When you stub your toe or prick your finger, what do you do?
You immediately tense up. Often, you hold on to the painful place and remain tense until the pain subsides!
Why would anyone assume that women will instinctively do something other than that during childbirth? Yet somehow, that is the simplistic message given to women in the present approach to childbirth: "Just don't be afraid of the pain"…and then what? Does "fear" of pain cause more pain? Actually, no. But tensing up can cause more pain, and it's just plain intuitive for humans to tense up when they experience pain.
Even though tensing up is counter-productive during labor, that's what many women do. They tense up with the pain of contractions and barely relax in between, often holding on to the tension and steeling themselves for the next contraction.
Why is this so common? Because birthing women haven't been taught the appropriate skills to manage the pain and learn how to instruct their body to soften even during the pain of contractions.
YOU NEED SKILLS SO YOU CAN COPE with the pain as contractions become longer, more intense, and closer together.

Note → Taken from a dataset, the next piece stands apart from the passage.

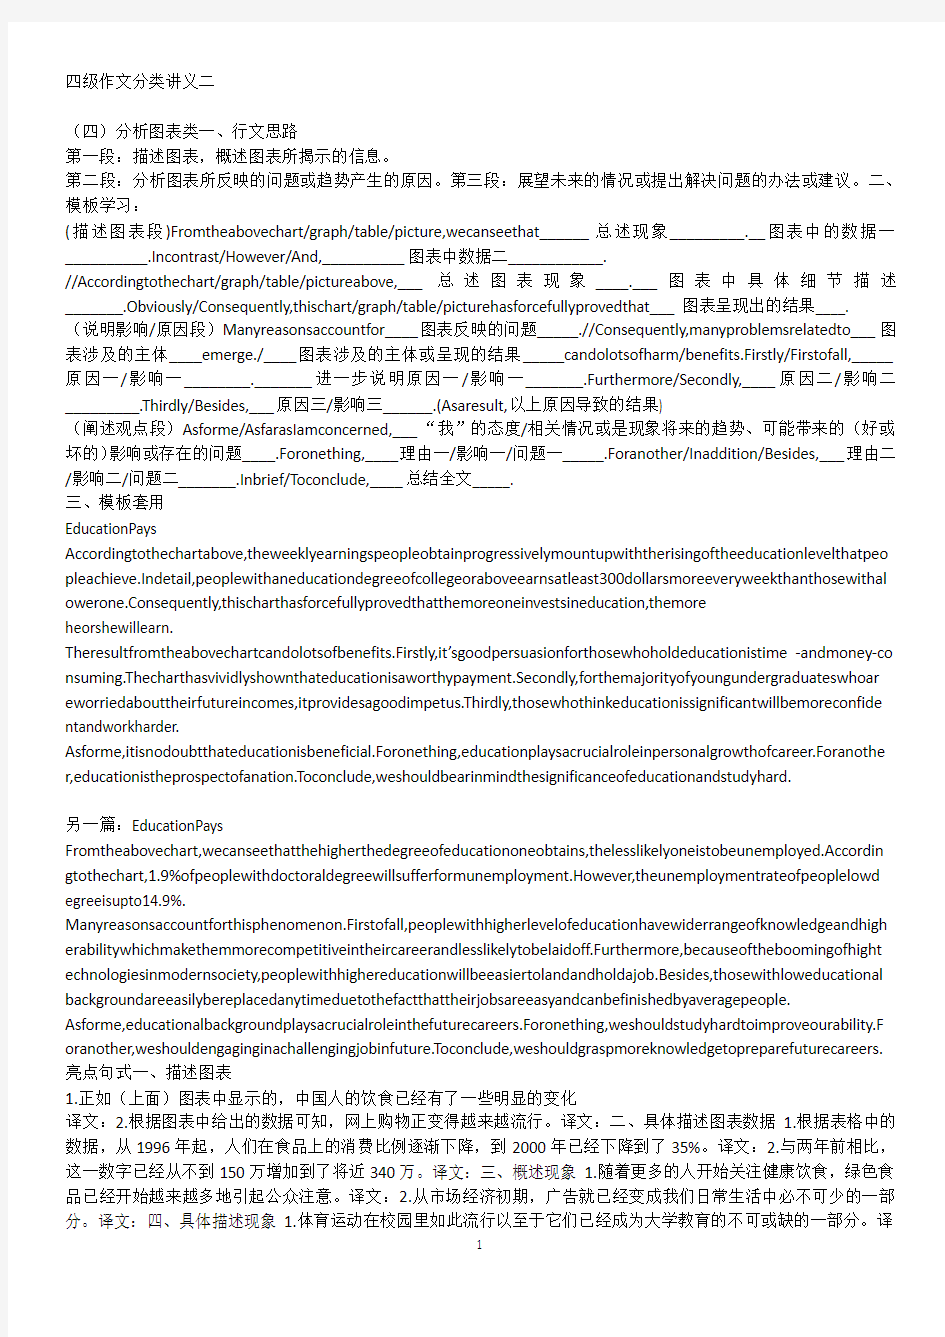 2014年12月大学英语四级考试听力笔记讲义 guzhen

Tensing up only hinders your baby's efforts to open your body so he/she can come down, through, and out. And sometimes, this internal tension prolongs either or both the dilation of 1st Stage and pushing of 2nd Stage!
One of your first truly committed actions of being a parent is to learn to let go of tension during painful contractions. That difficult, yet uncomplicated, act shifts the birth from something that happens to you to something you do with and for your child.
With your newfound understanding of labor and birth pain, you now have less reason to panic and more reason to pick up your skills and use them. You may still experience pain, and not necessarily enjoy the labor, but you can approach each step of the labor with more confidence and an acceptance of the job at hand.